Monte Carlo methods have been crucial in many scientific endeavors, ranging from physics to biochemistry, and have recently become very popular in the statistics community. I will describe a few applications of the MCMC methodology in bioinformatics, nonparametric Bayes computation, model selection, clustering, etc.
Statistical Methods and the Analysis of Traffic Data
John Rice
University of California, Berkeley
A traffic performance measurement system, PeMS, currently functions as repository for traffic data gathered by thousands of automatic sensors all over the state of California. It has integrated data collection, processing, and communications infrastructure with data storage and analytical tools.
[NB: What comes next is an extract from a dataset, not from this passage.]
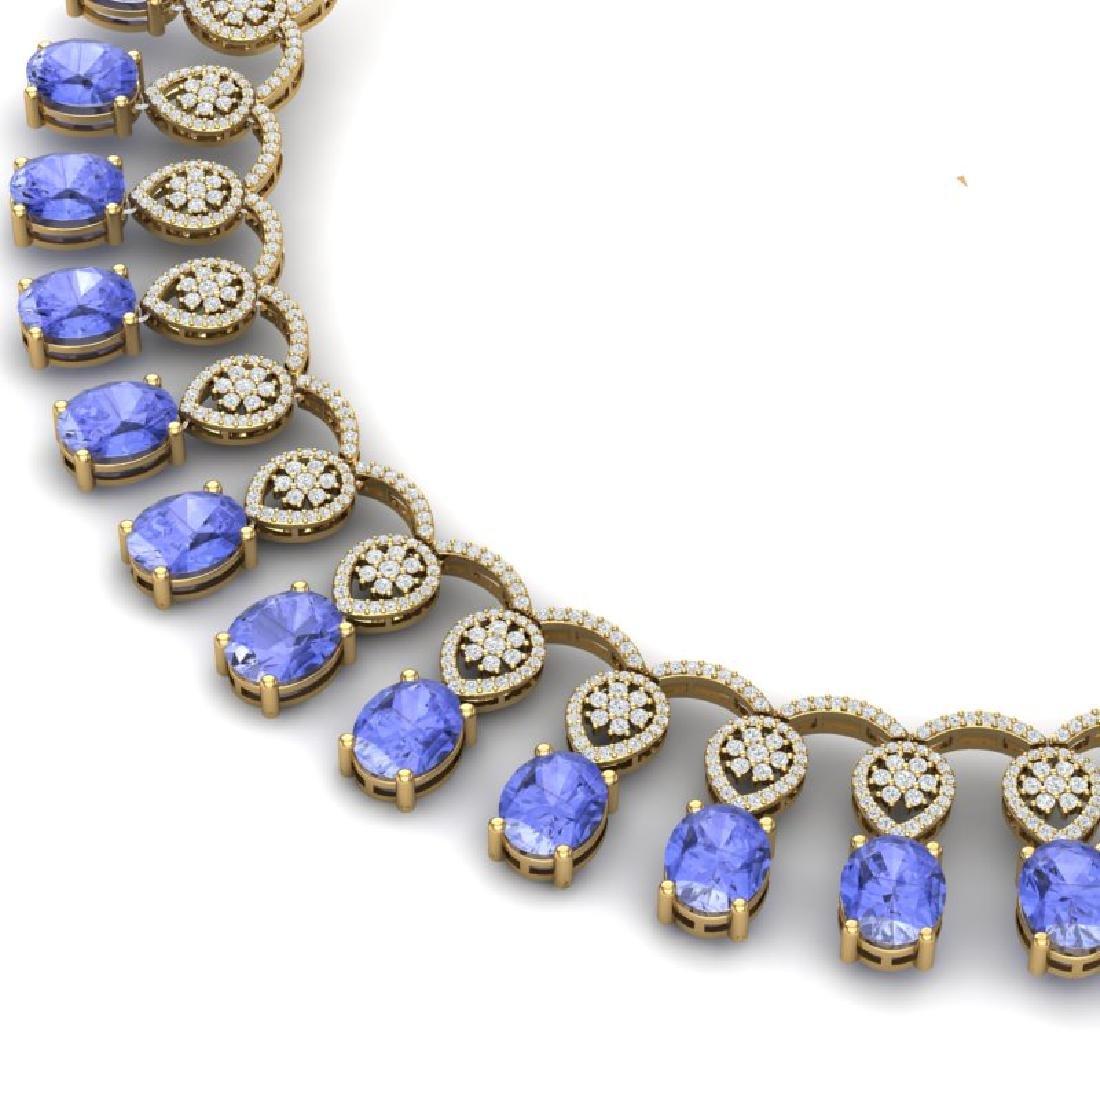 45.56 CTW Royalty Tanzanite & VS Diamond Necklace 18K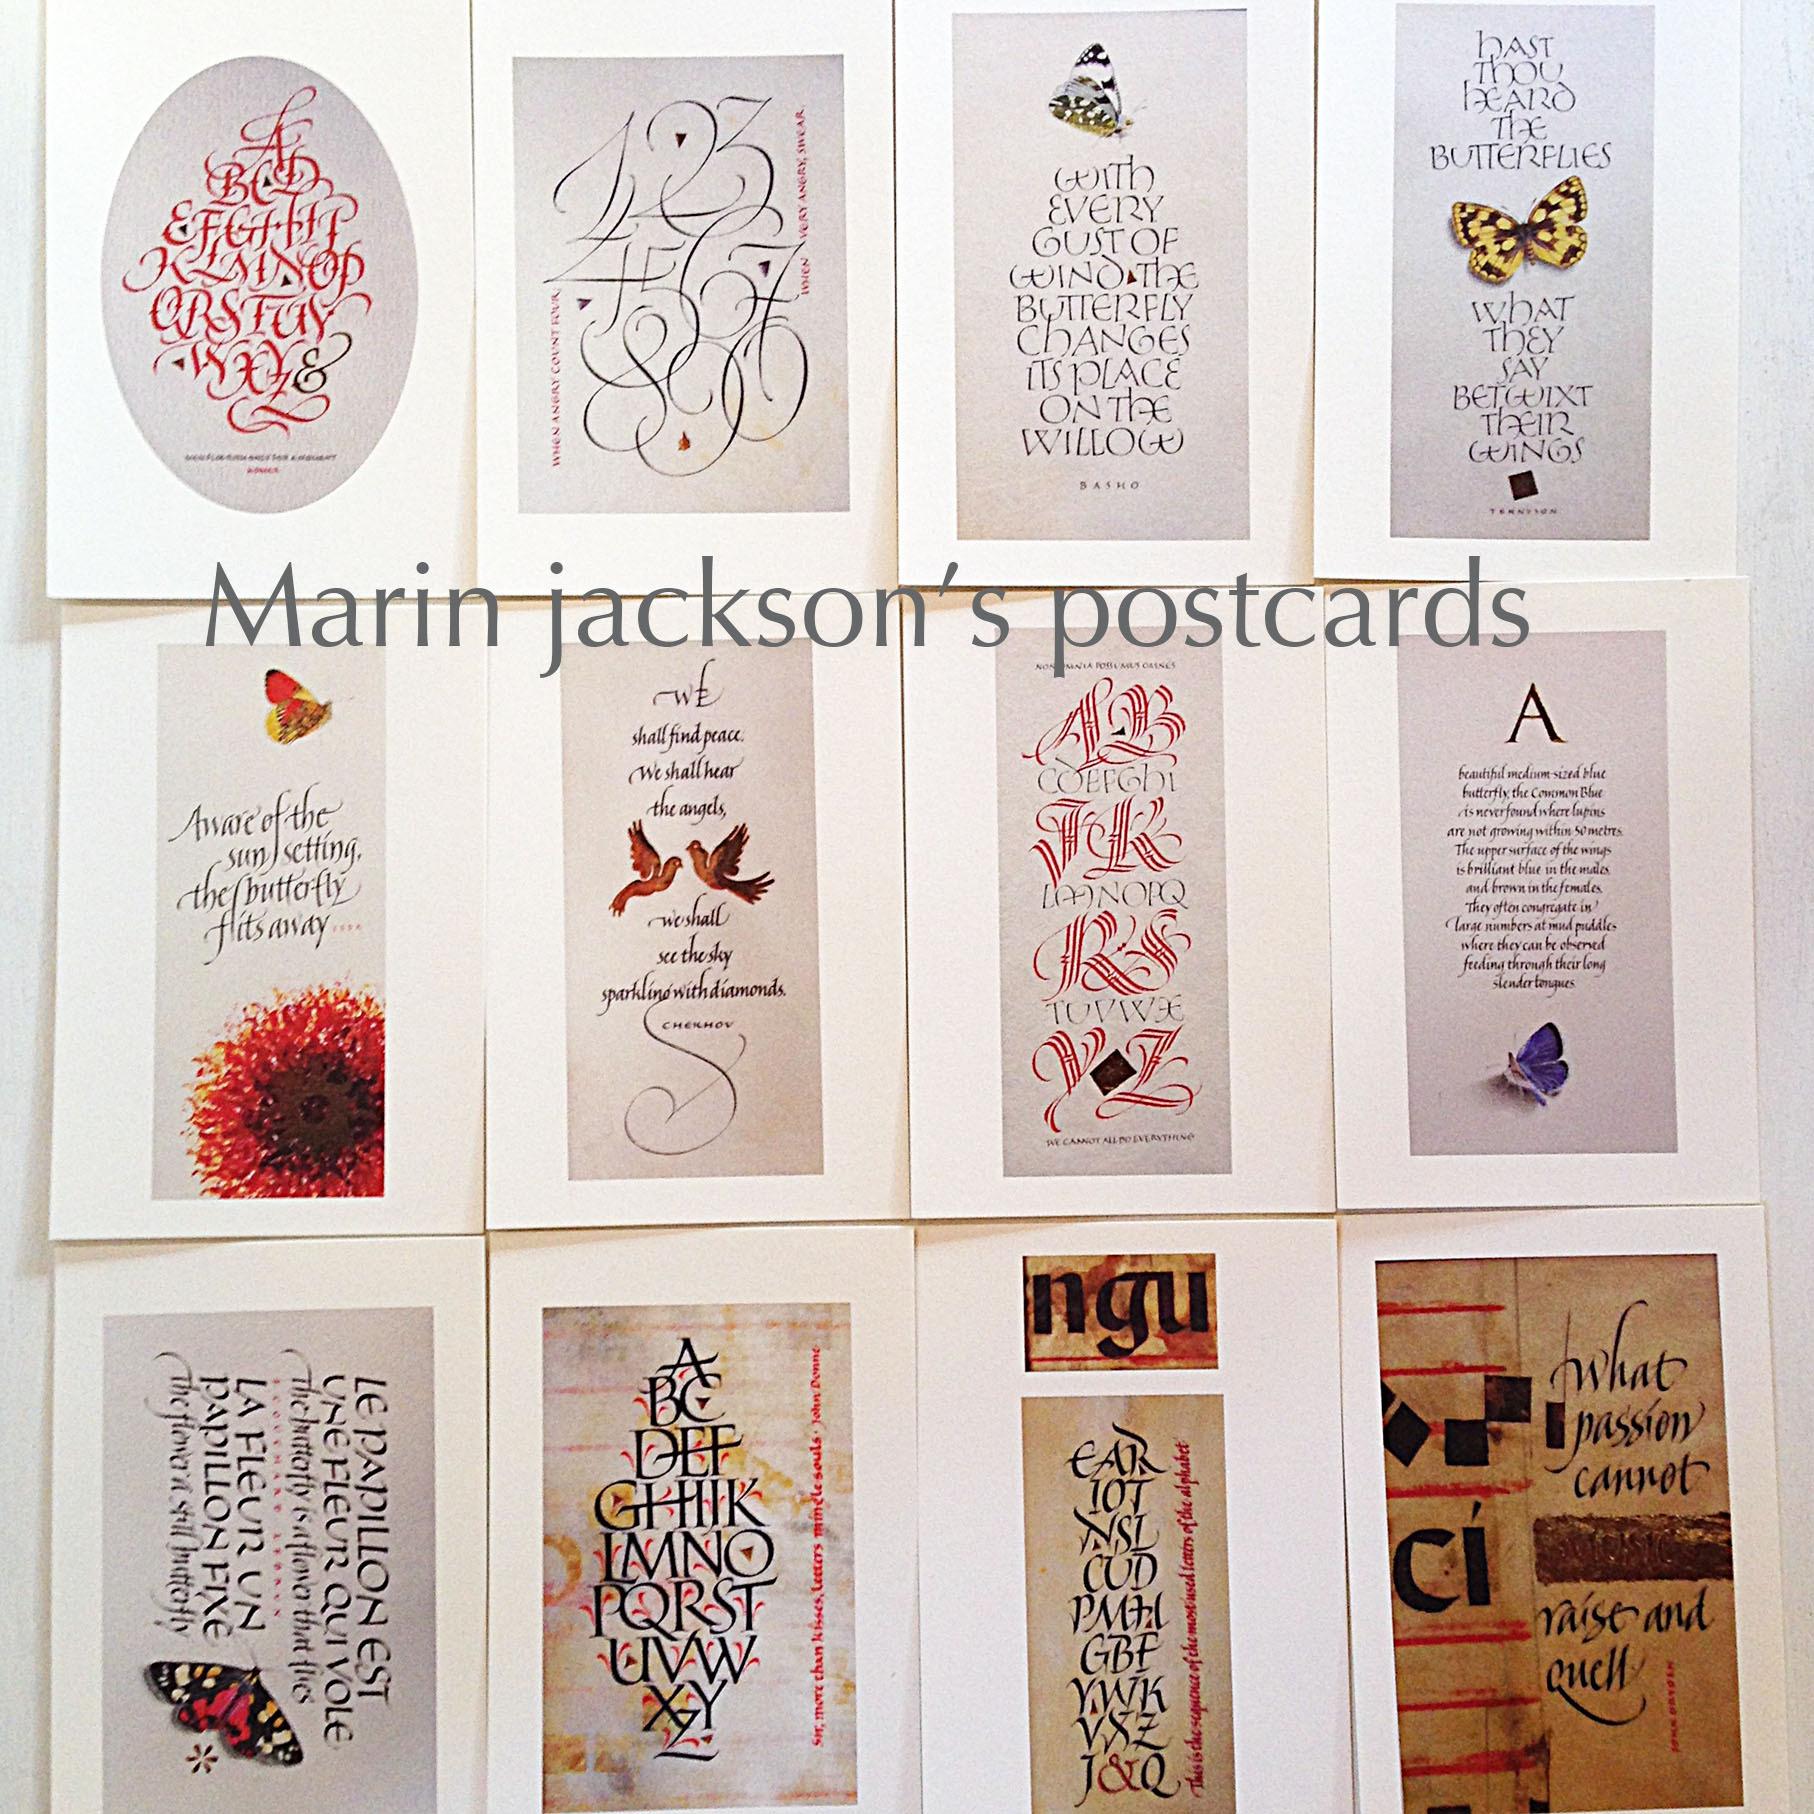 Martin Jackson's postcards(ポストカード)

PeMS is a joint effort by the California Department of Transportation (Caltrans), the University of California, Berkeley, and PATH, the Partnership for Advanced Technology on the Highways. The software that has been developed in conjunction with this project, the Performance Measurement System, PeMS, is a traffic data collection, processing and analysis tool to assist traffic engineers in assessing the performance of the freeway system. PeMS extracts information from real-time and historical data and presents this information in various forms to assist managers, traffic engineers, planners, freeway users, researchers, and traveler information service providers.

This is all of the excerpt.